Dumars, in other words, probably had an inkling Hill was intent on leaving as a free agent in July 2000 and wanted to get ahead of the challenge that would create for a newly hired executive by dealing for the younger Bryant. Two years later, Dumars pulled a stunning trade shortly before training camp was to open, dealing leading scorer Jerry Stackhouse – one year ahead of his free agency – to Washington for a younger player at the same position, Rip Hamilton. That was the blueprint for a 1999 Hill-for-Bryant trade.

What might have happened if Jackson had pushed for the trade is anyone’s guess. Hill’s departure eventually resulted in a sign-and-trade deal with Orlando that netted Ben Wallace, who became the first critical building block in Dumars’ masterful construction of the 2004 NBA champions.

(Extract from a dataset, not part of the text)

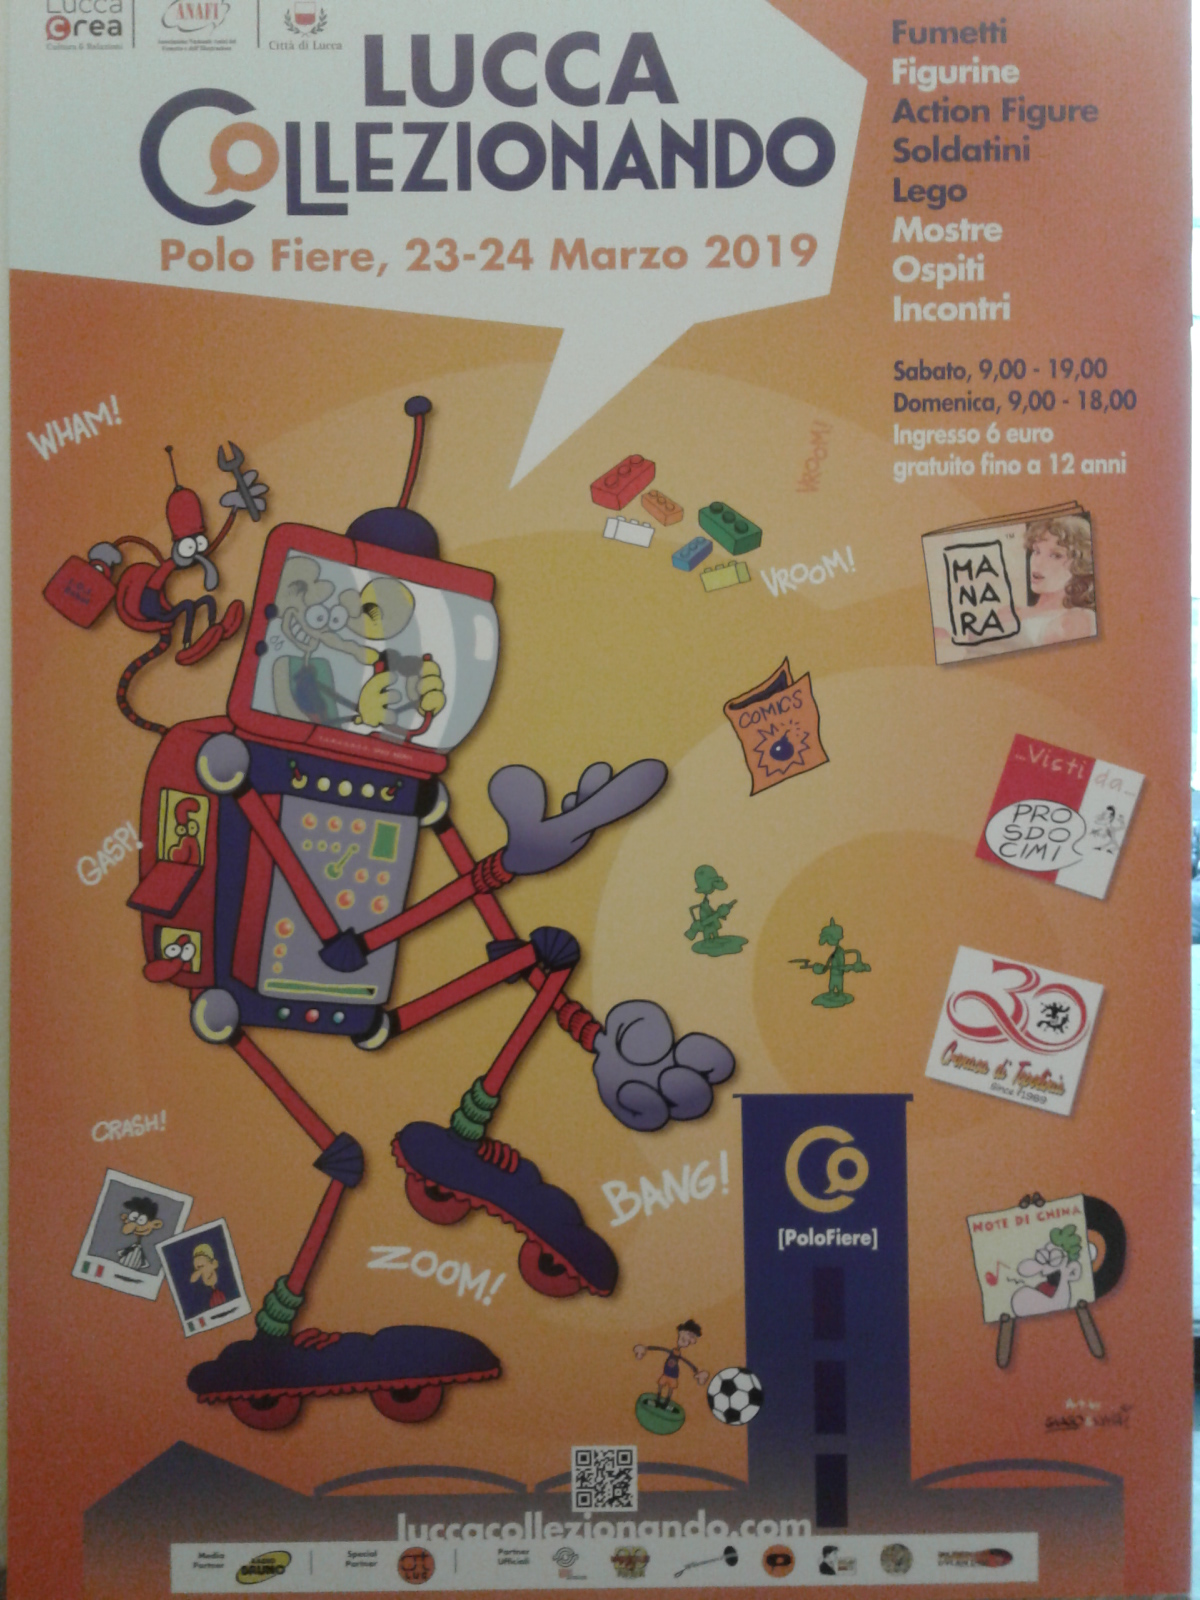 Lucca Collezionando 2019, annunciate le date della manifestazione dedicata al fumetto

The Goin’ to Work Pistons posted seven consecutive 50-win seasons and played in six straight Eastern Conference finals.

With Bryant as the first building block, there’s no way to know how Dumars would have built a roster around him. There’s no way to know if the Pistons would have won multiple titles with a team built around Kobe Bryant – or failed to match the one title that a team begun with Ben Wallace achieved.

But given the career Bryant carved out and the legacy he left before his tragic death in January’s helicopter crash, it unquestionably would have been a fascinating era.